TASK TO COMPLETE: Output all of the data exactly, keeping any images out of the copy.

DATASET CONTENT:
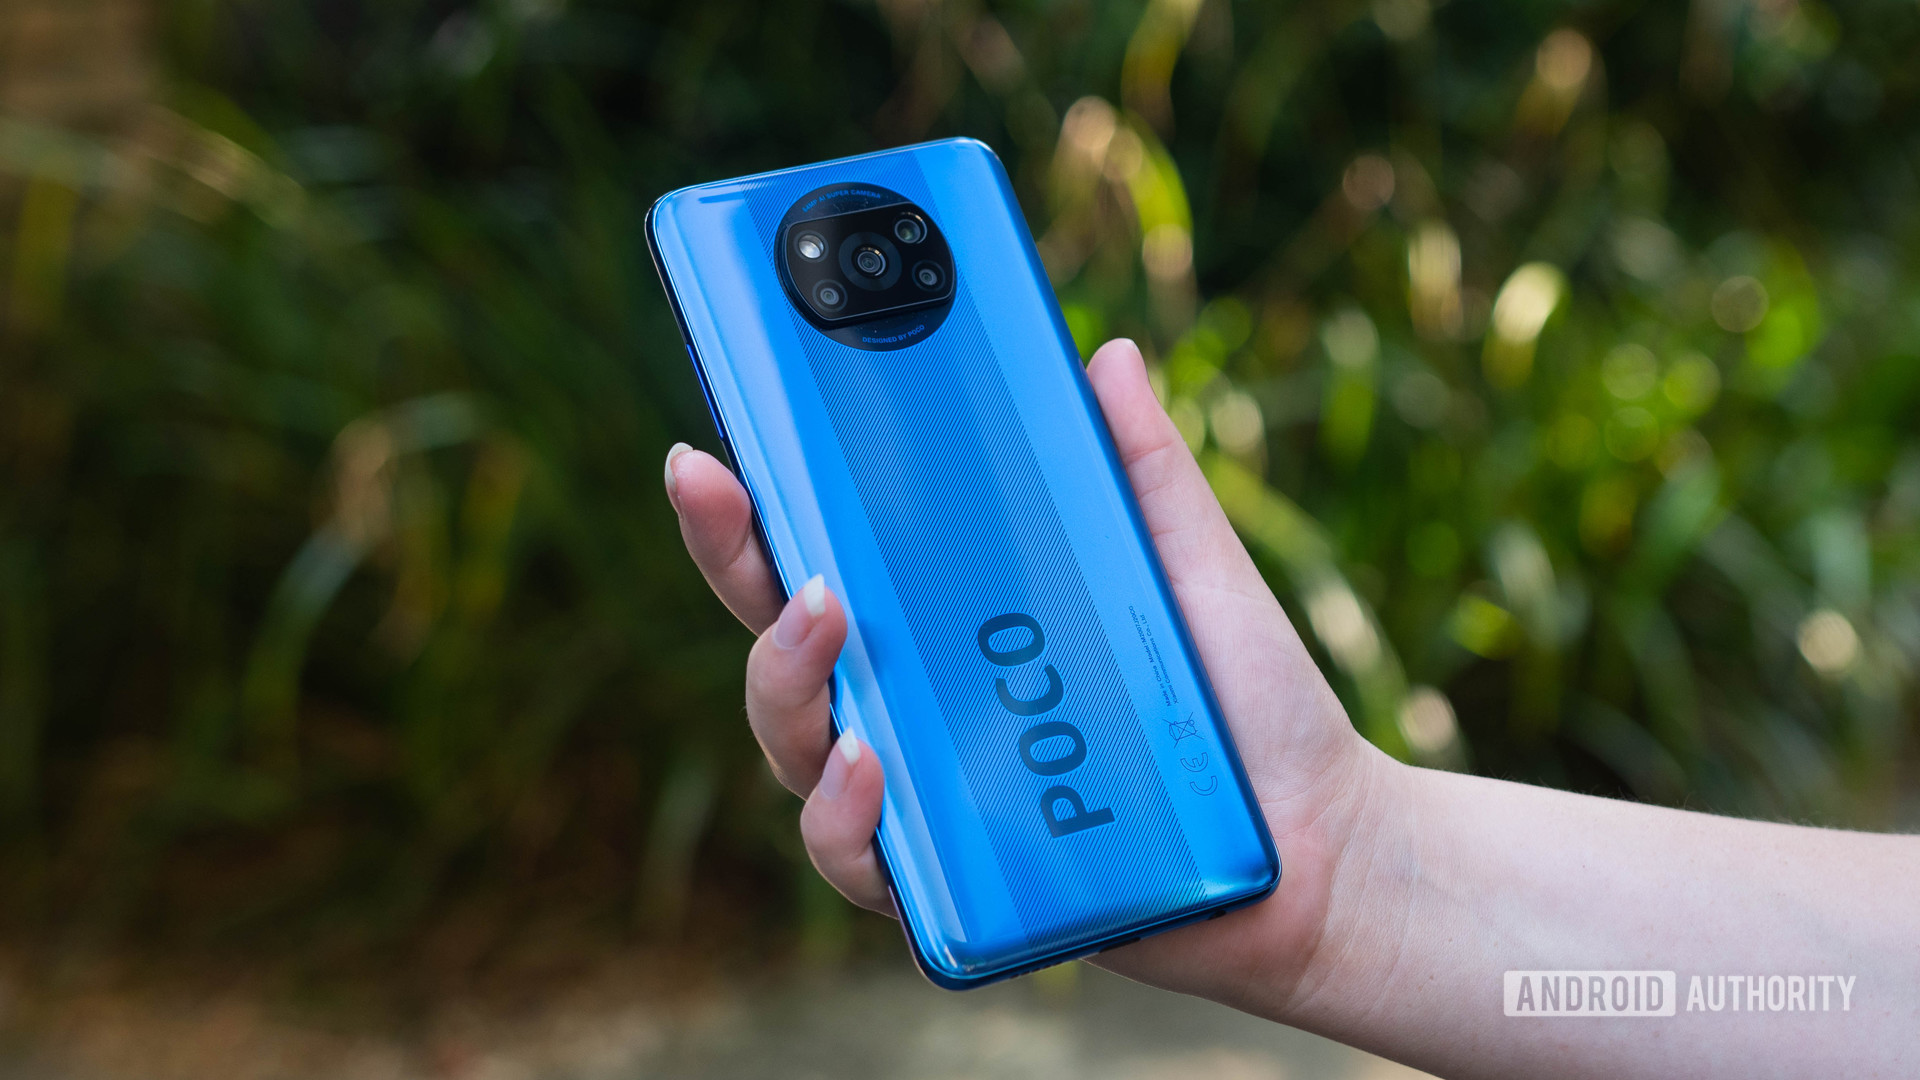 https://www.androidauthority.com/wp-content/uploads/2020/09/Xiaomi-Poco-X3-NFC-held-in-the-hand-outside-to-show-off-the-rear-side.jpg
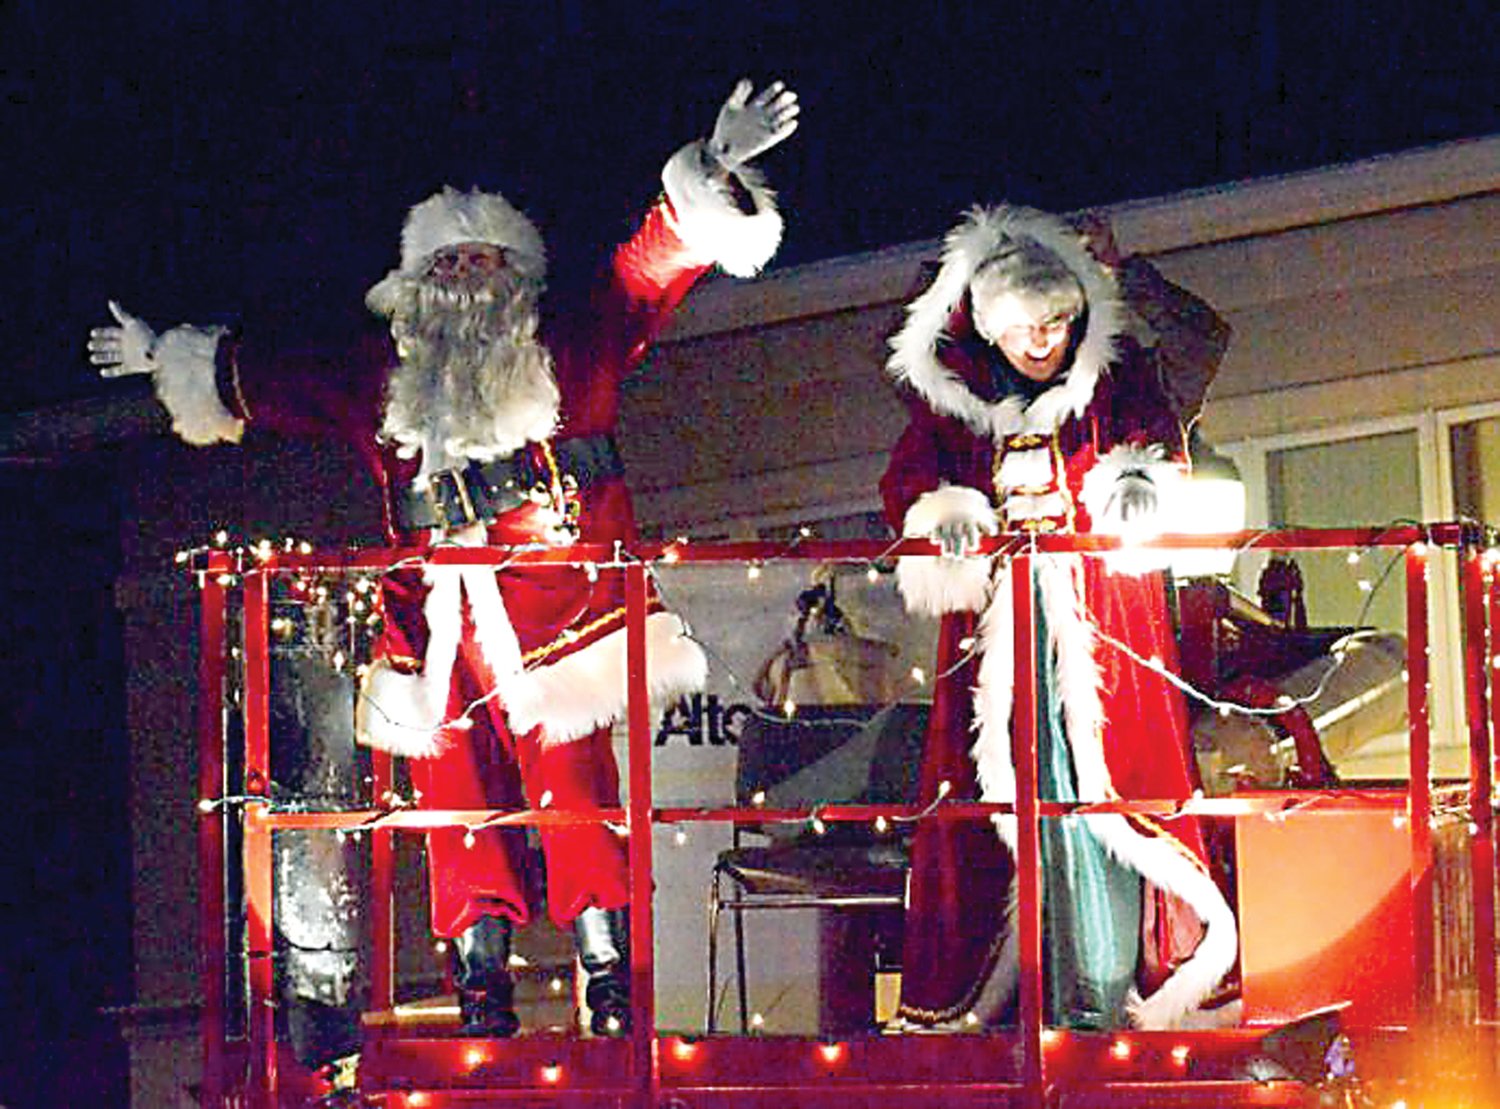 Santa and Mrs. Claus wave to the crowd.
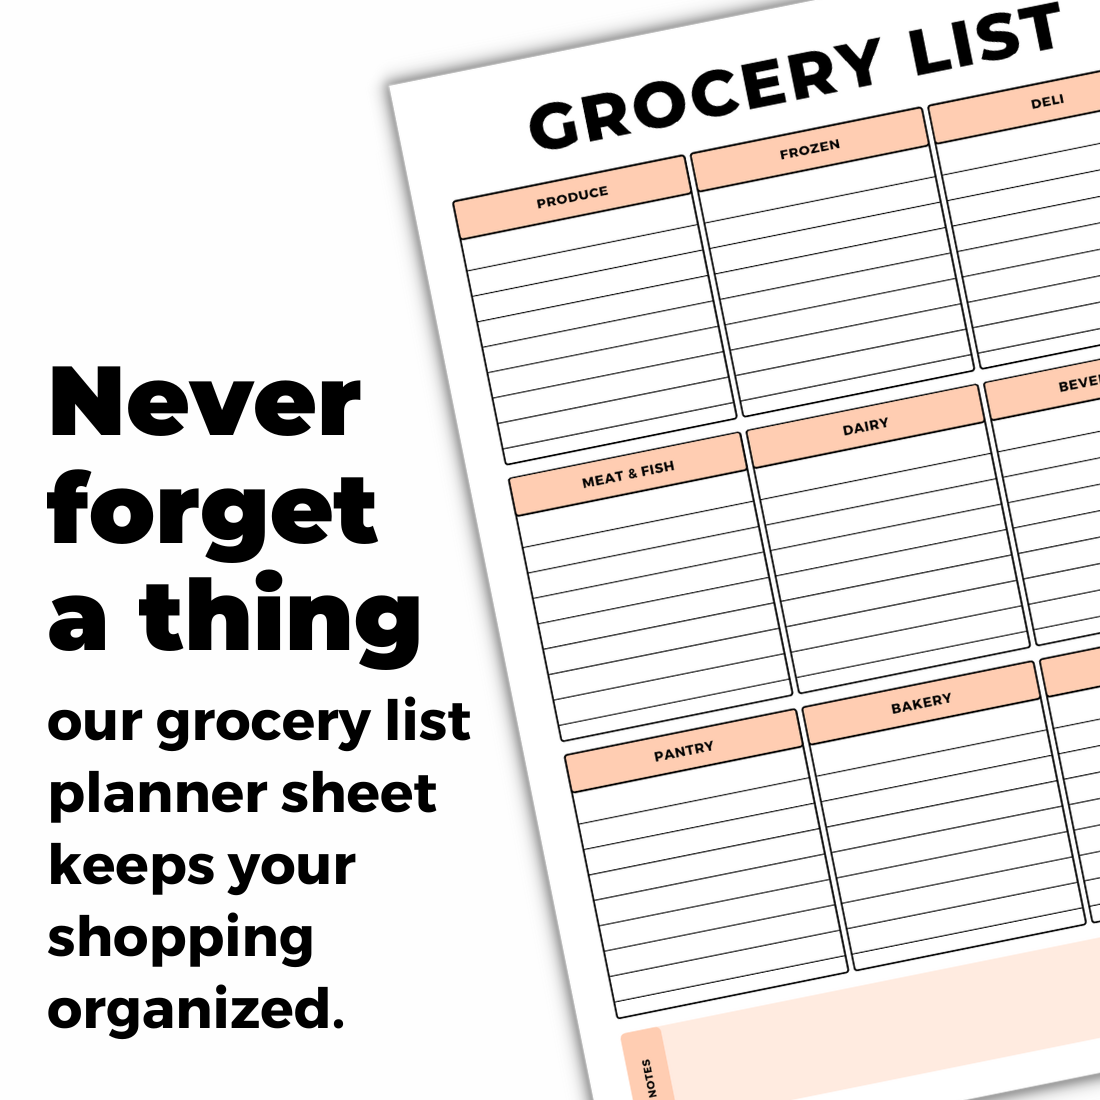 Free Printable Grocery List Templates in PDF, PNG and JPG Formats
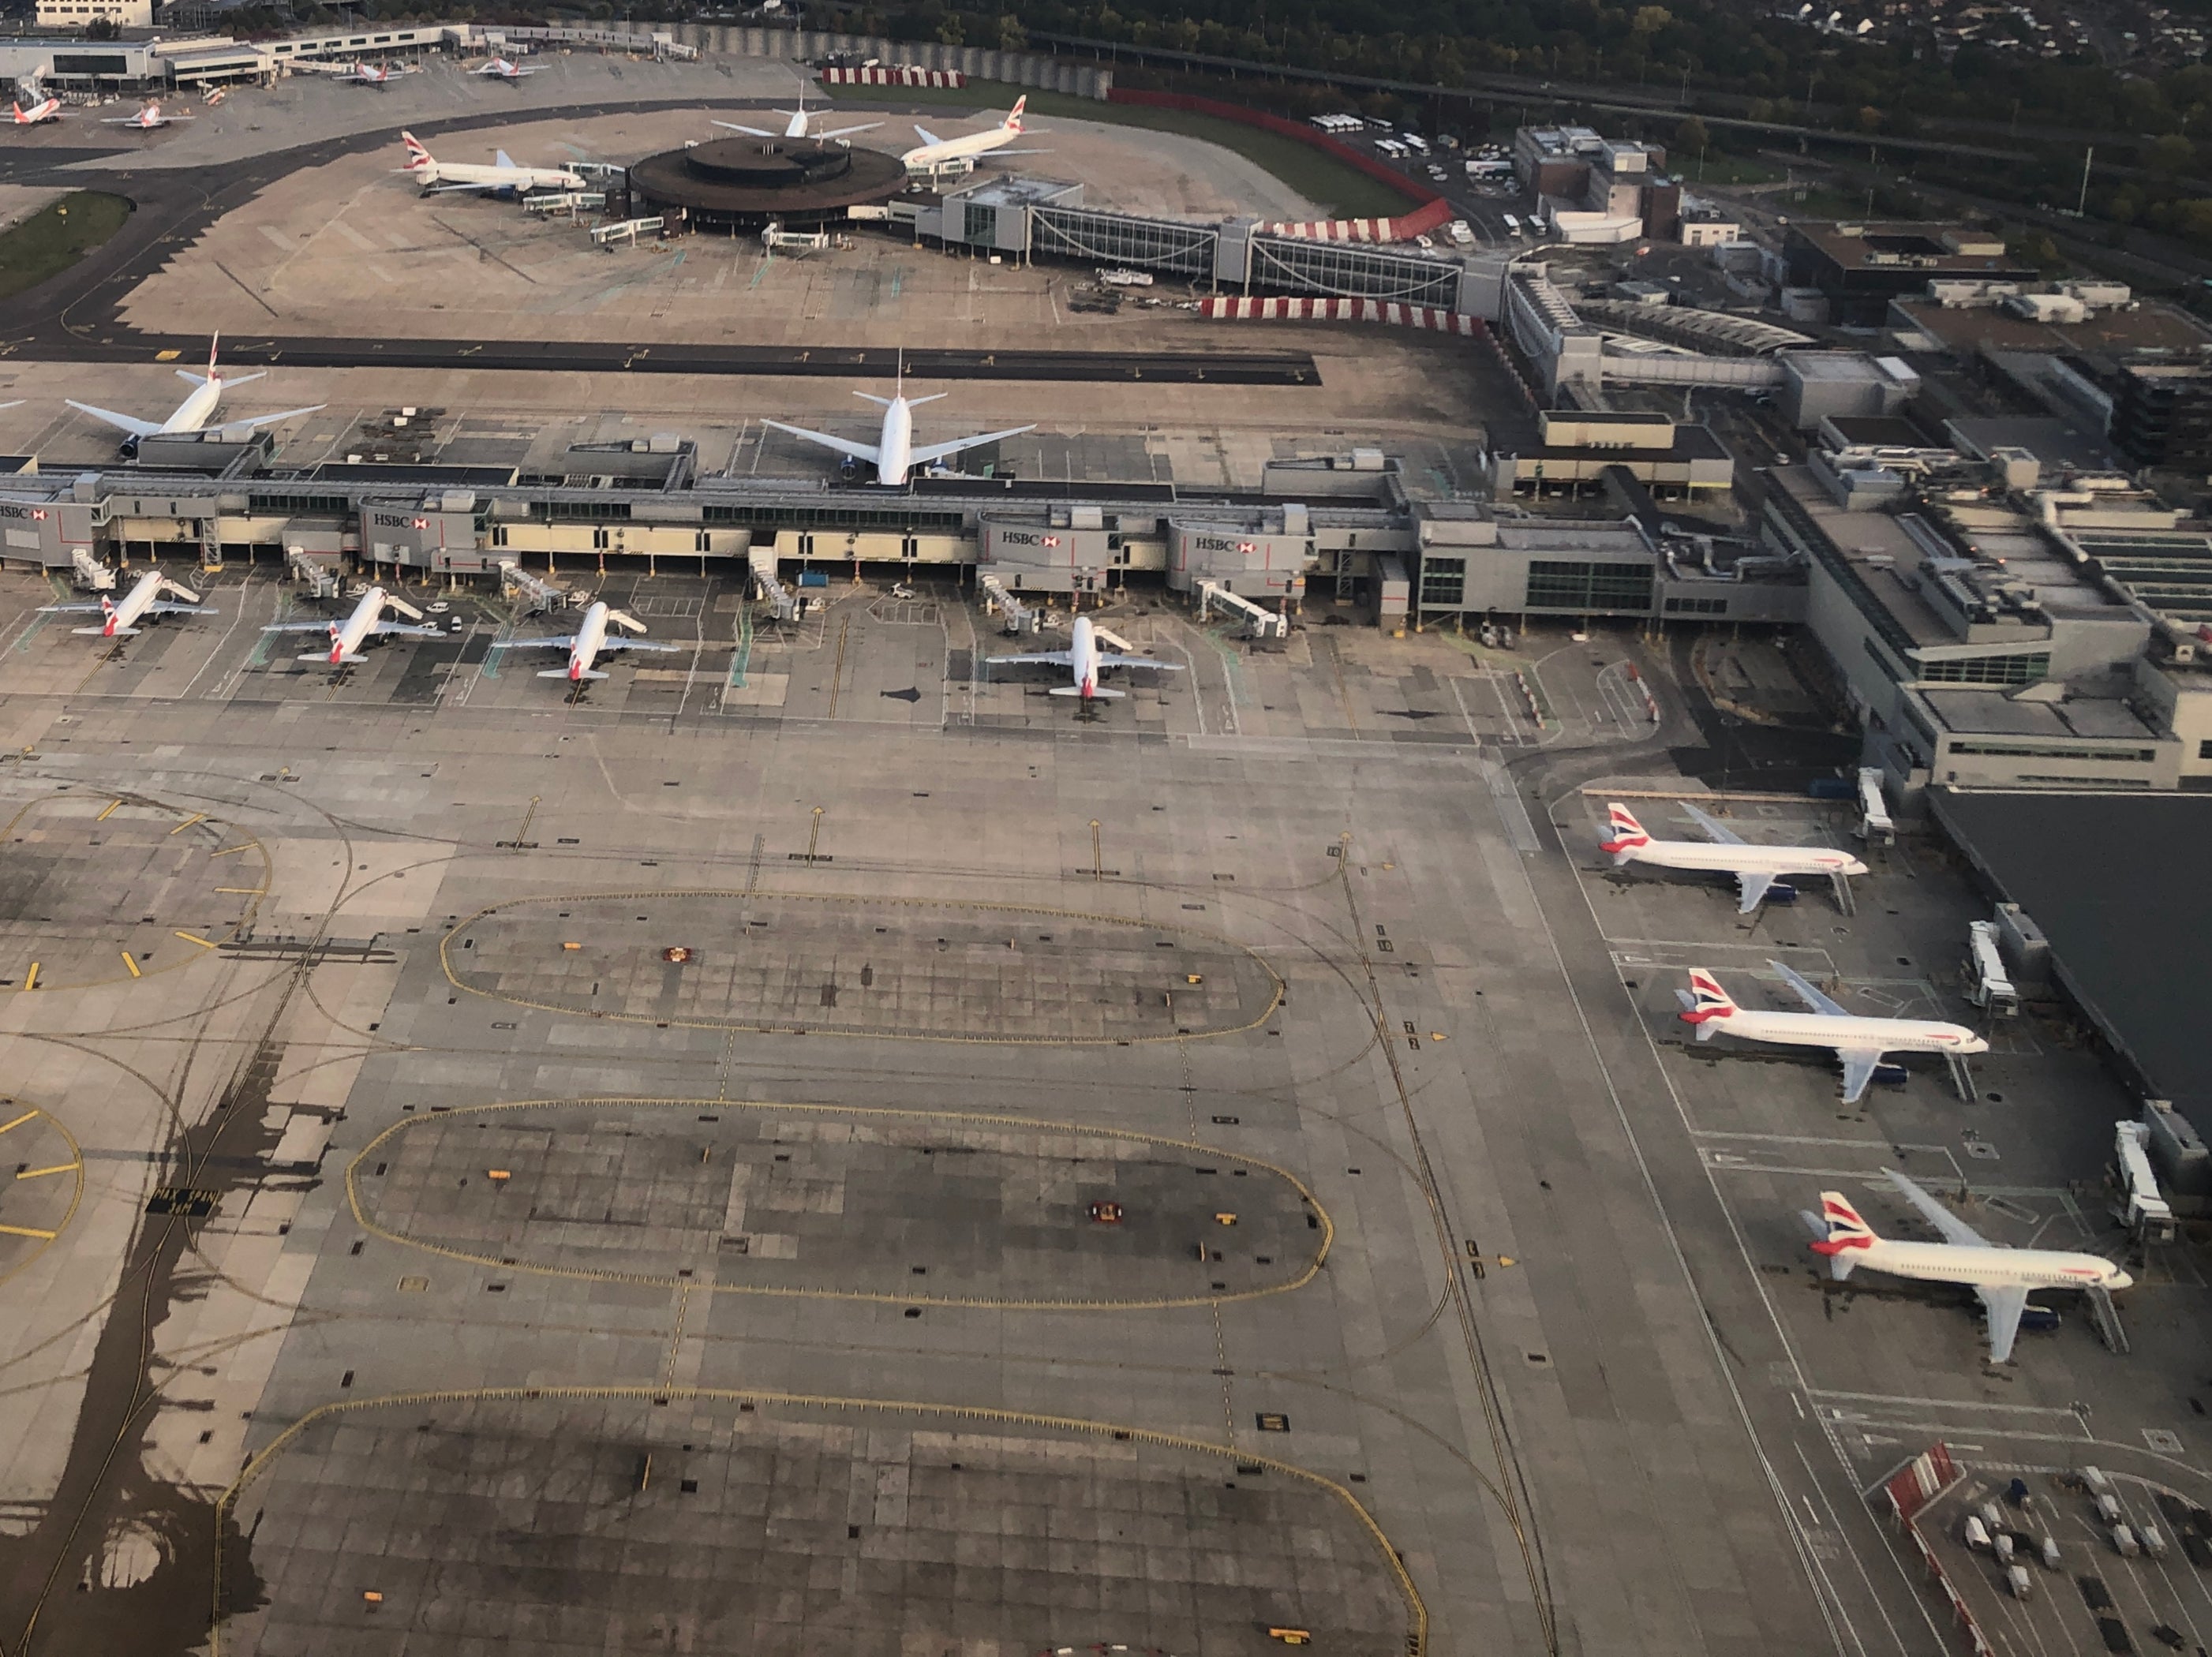 Going nowhere: Planes standing empty at Gatwick’s South Terminal, which is currently closed

OUTPUT OF THE EXERCISE:
 https://www.androidauthority.com/wp-content/uploads/2020/09/Xiaomi-Poco-X3-NFC-held-in-the-hand-outside-to-show-off-the-rear-side.jpg
 Santa and Mrs. Claus wave to the crowd.
 Free Printable Grocery List Templates in PDF, PNG and JPG Formats
 Going nowhere: Planes standing empty at Gatwick’s South Terminal, which is currently closed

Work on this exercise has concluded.